To our minds the evidence in this case fully justified the trial court in dissolving the temporary injunction. As to defendant W.L. Coates, the injunction was properly dissolved, if for no other reason because at the time of trial, he was a duly commissioned deputy constable of the township in which the park was located and under our statute, had the power as such officer to serve warrants, process, etc., throughout the whole County. [Sec. 2151, R.S. Mo. 1919.] It is urged, however, that the court should not consider any evidence as to what may have occurred after the filing of the petition. This position is untenable. Plaintiff by his own affidavit stated the fact of the revoking of defendant's commission on the very day and during the trial on the temporary injunction, which was one week after the petition was filed. This evidence was competent; likewise, matters which occurred after the filing of the petition and before the trial on its merits may be heard by the court in exercising its sound discretion. [Gibson v. Powell, 96 Mo. App. 684, 70 S.W. 935; Alsager v. Peterson, 31 S.D. 452, 151 N.W. 391; Ann. Cas. 1915 D. and note.]

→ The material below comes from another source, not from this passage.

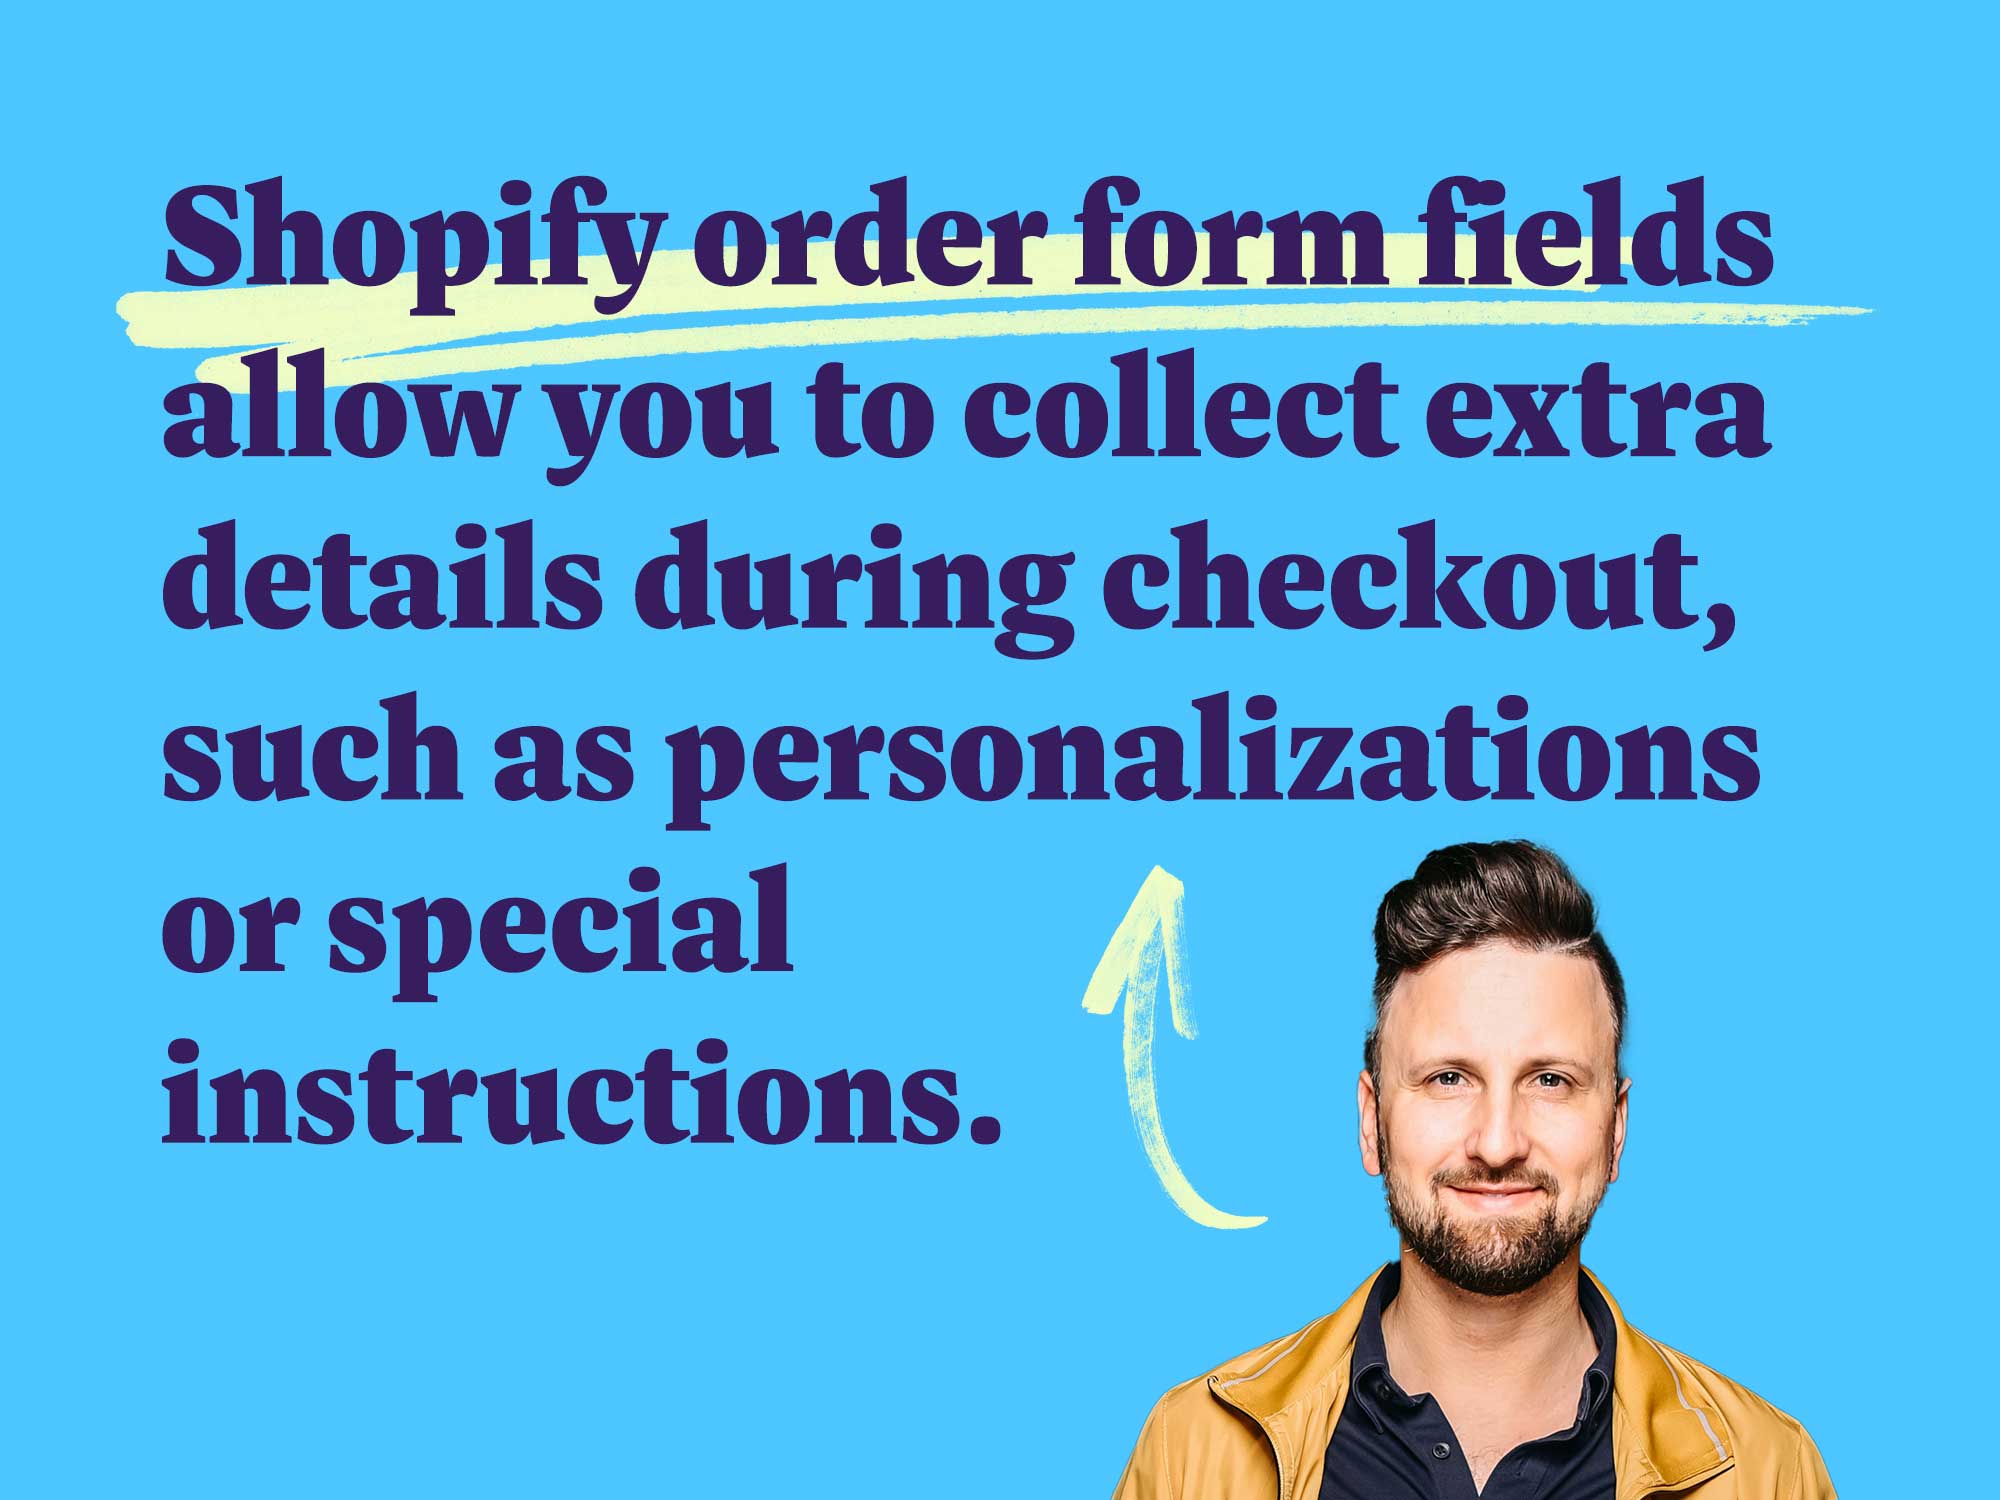 Shopify order form fields allow you to collect extra details during checkout, such as personalizations or special  instructions.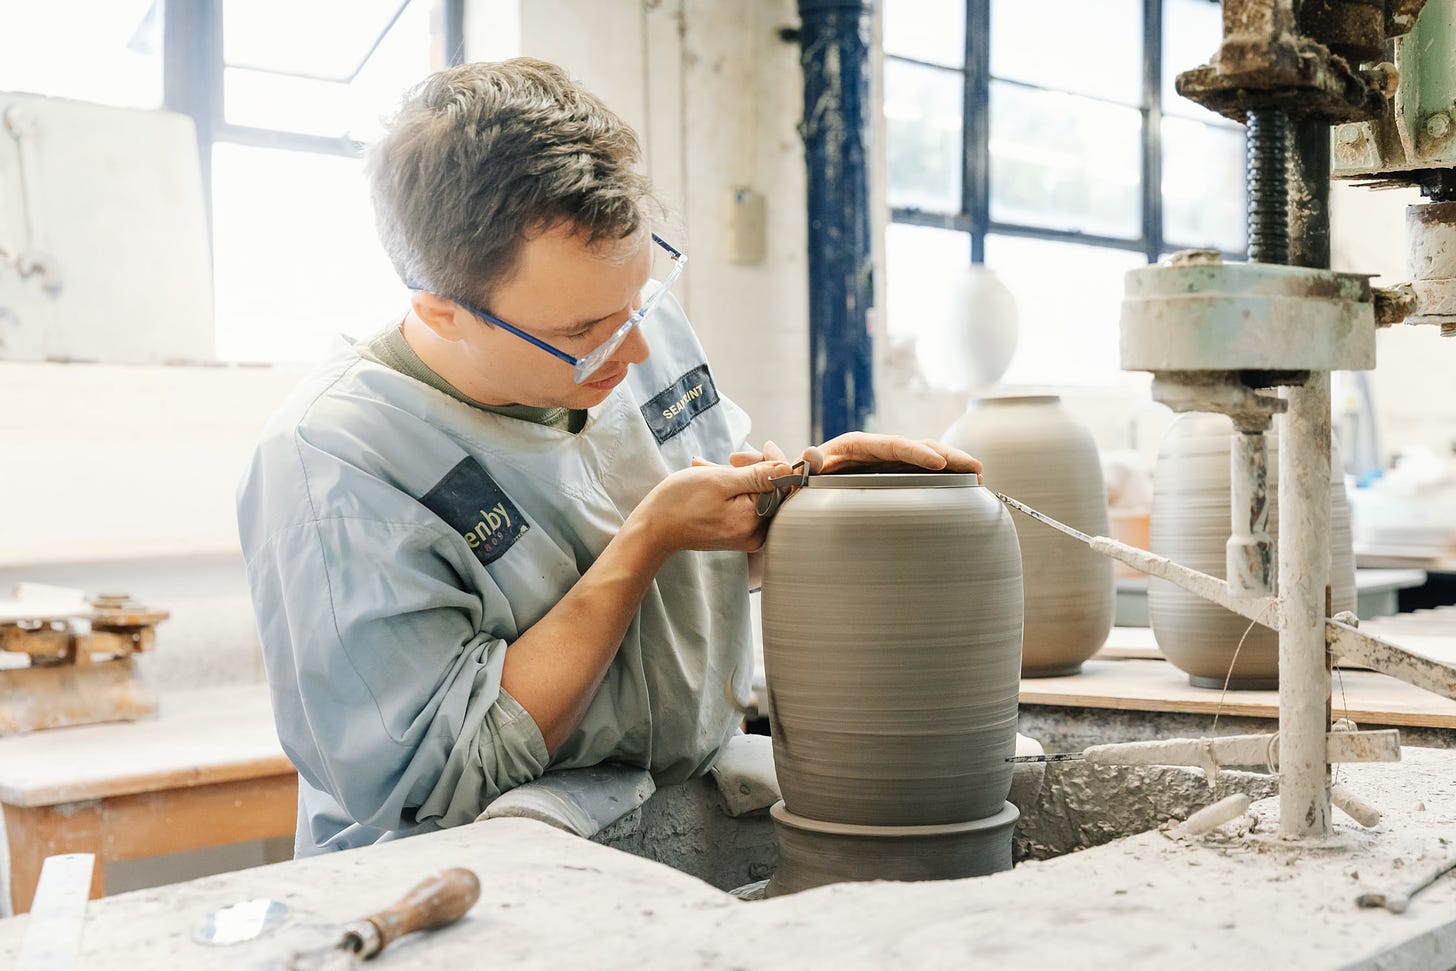 a young man is trimming a large clay vase in a factory or workshop setting. there is a huge window behind him and he is surrounded by other vases and machinery

We do not undertake to hold that an officer who misconducts himself in another's place of business can shield himself with his star *Page 223 or badge of authority. We are not called upon to pass judgment on that proposition. But we do say the facts in this case are not sufficient to justify a court of equity in denying to an officer of the law the right to enter this park for any purpose. None of the witnesses who had the concessions claimed they were damaged by defendant's statements. The whole case rather savors of an attempt on the part of plaintiff to use the courts to give vent to a feeling of enmity against these defendants, all aroused over the more or less trivial incident connected with the checking concession.

As to defendant, Mrs. Coates, there is practically no evidence that she said or did anything detrimental to plaintiff except in relation to the checking privilege. That water has gone over the wheel. There is practically no evidence that she threatens to do anything in the future. "It is familiar and well-settled law that a court of equity will not attempt to restrain the doing of any work which has already been accomplished." [Carlin v. Wolff,154 Mo. 539, 51 S.W. 679; 55 S.W. 441.] Her contract, if she had one, has long since expired, and both defendants have been prevented from entering the park for more than a year.

What we have said disposes of plaintiff's objection to the introduction of the evidence as to W.L. Coates being commissioned as deputy constable. We do not believe it would serve any useful purpose to further consider the equities of this case. As to whether defendants were mere licencees or whether they had certain rights under their respective contracts with plaintiff, is immaterial as we view the evidence. Under the equitable principles heretofore announced, we find no reason for disturbing the judgment of the learned trial court. The judgment is accordingly affirmed. Cox, P.J., and Bradley, J., concur.